Your objective: The task for the listing below is to write out exactly the lines starting at the one containing "Banheiro Com Os" and ending at the one containing "Rachael from Calgary, Alberta, Canada", both included. Pictures are to be omitted.

*** Data to examine ***

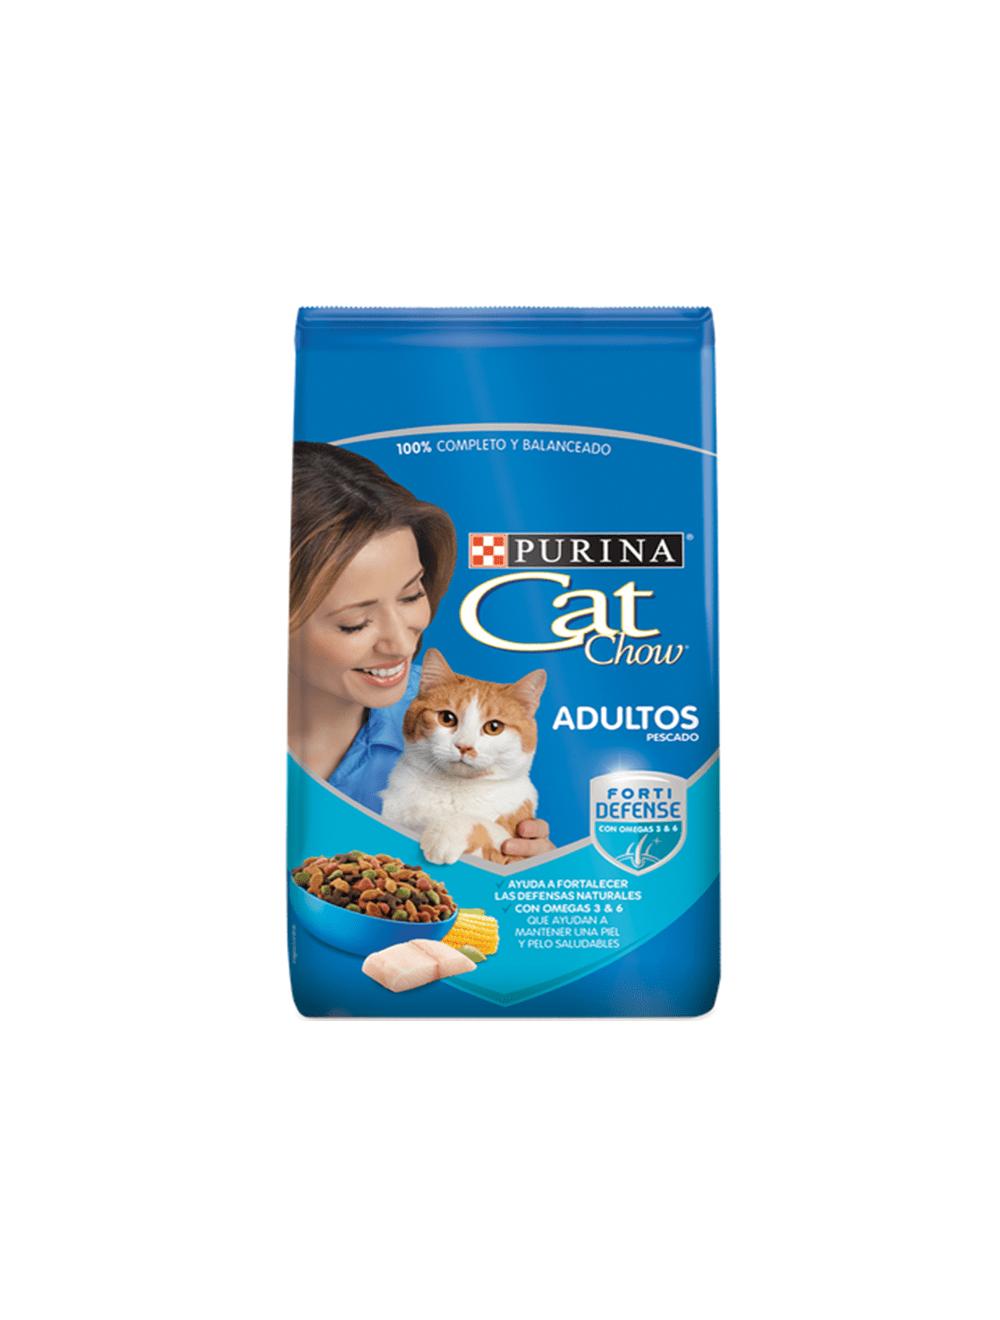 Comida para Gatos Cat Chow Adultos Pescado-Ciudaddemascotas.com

***
*** Data to examine ***

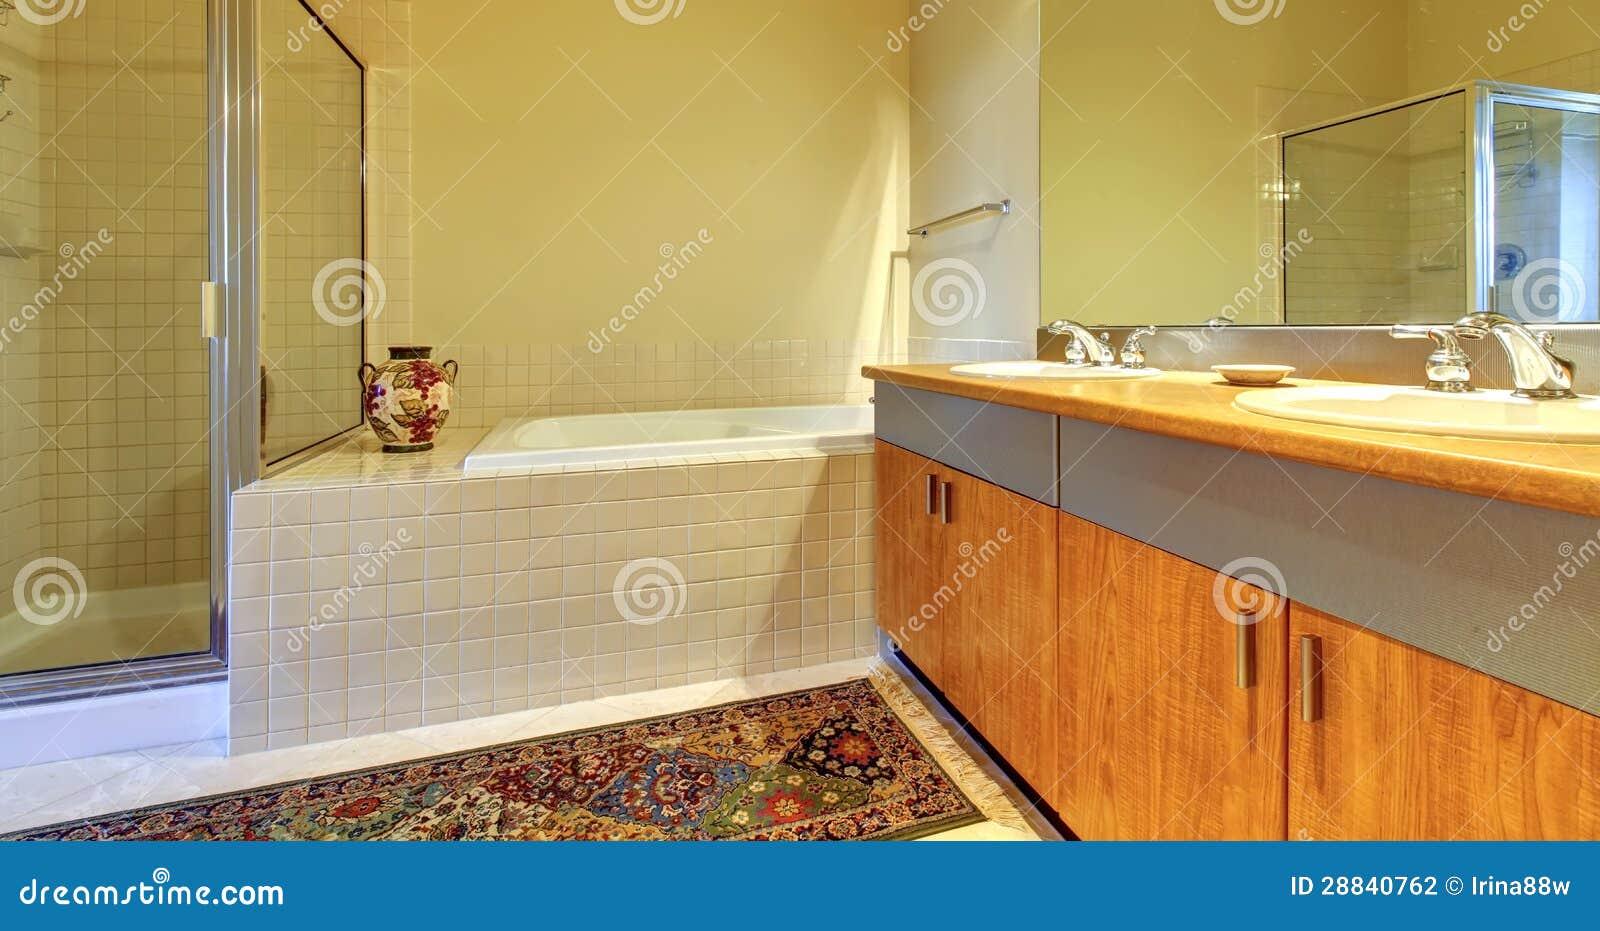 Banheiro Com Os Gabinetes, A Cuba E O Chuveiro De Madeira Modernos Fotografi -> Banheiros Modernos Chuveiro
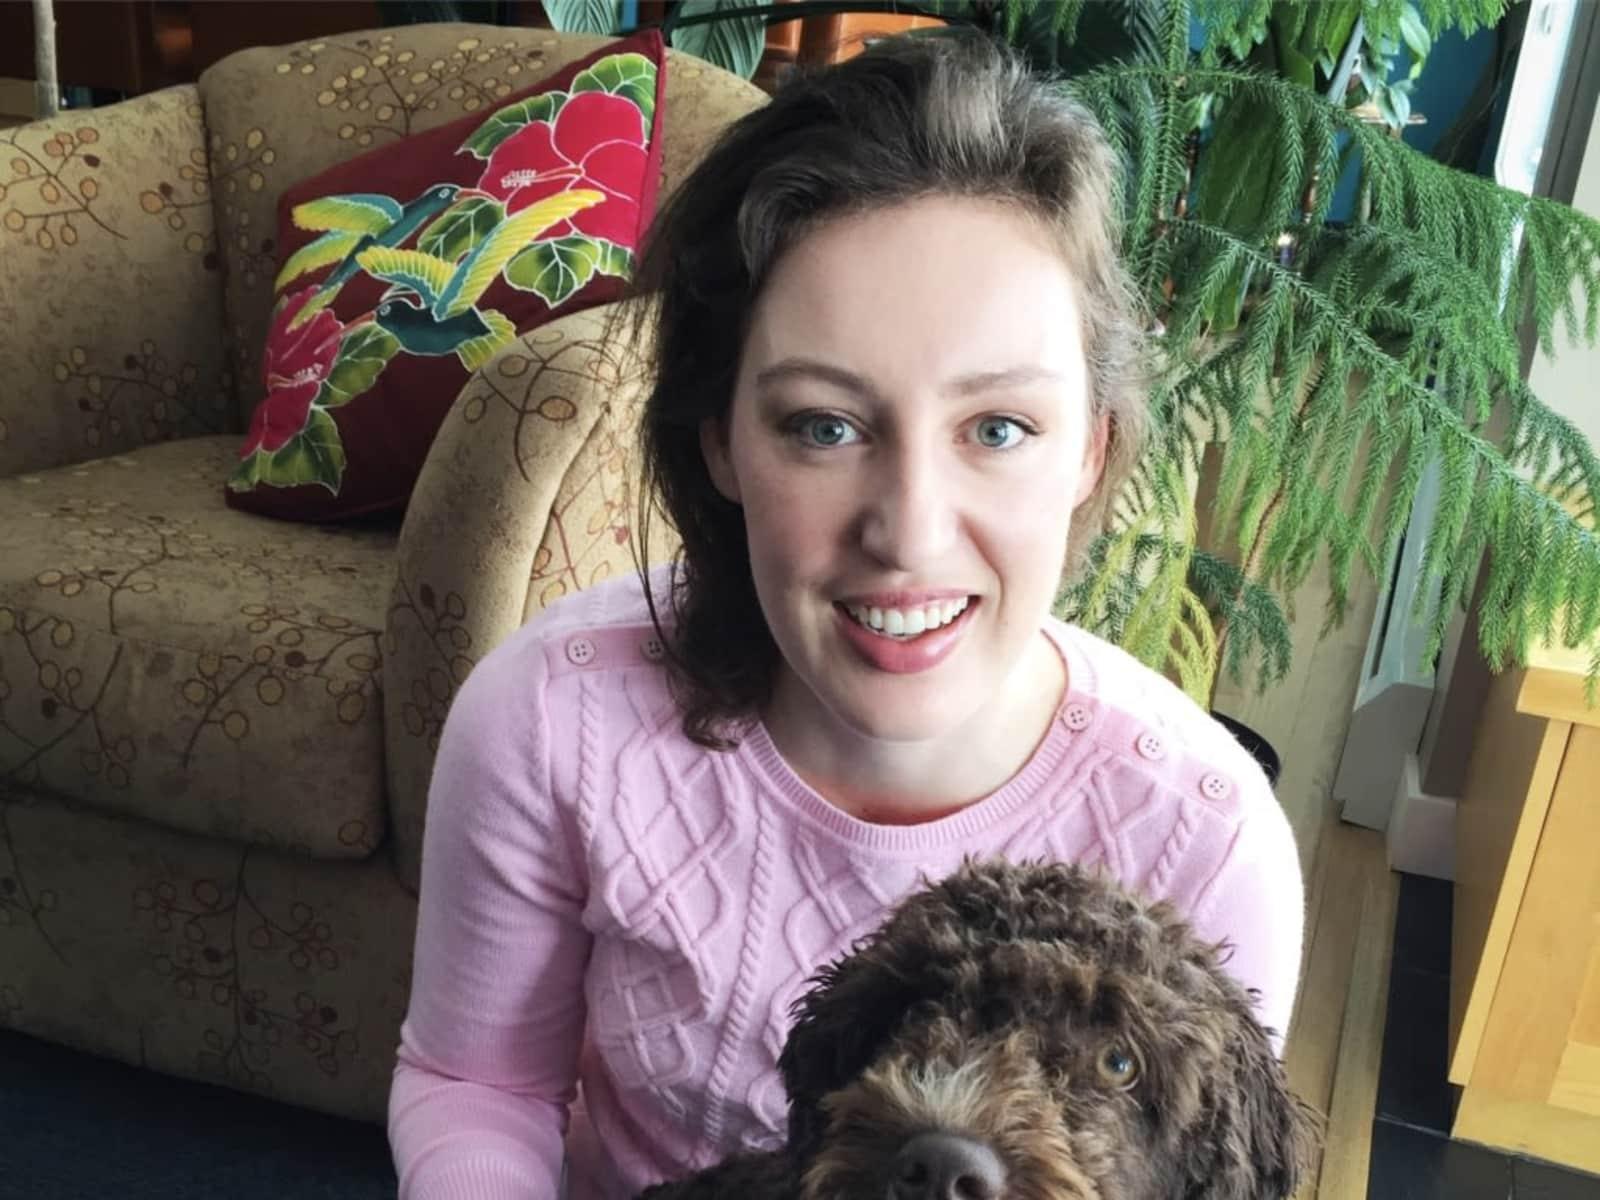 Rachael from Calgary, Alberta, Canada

***

Expected output:
 Banheiro Com Os Gabinetes, A Cuba E O Chuveiro De Madeira Modernos Fotografi -> Banheiros Modernos Chuveiro
 Rachael from Calgary, Alberta, Canada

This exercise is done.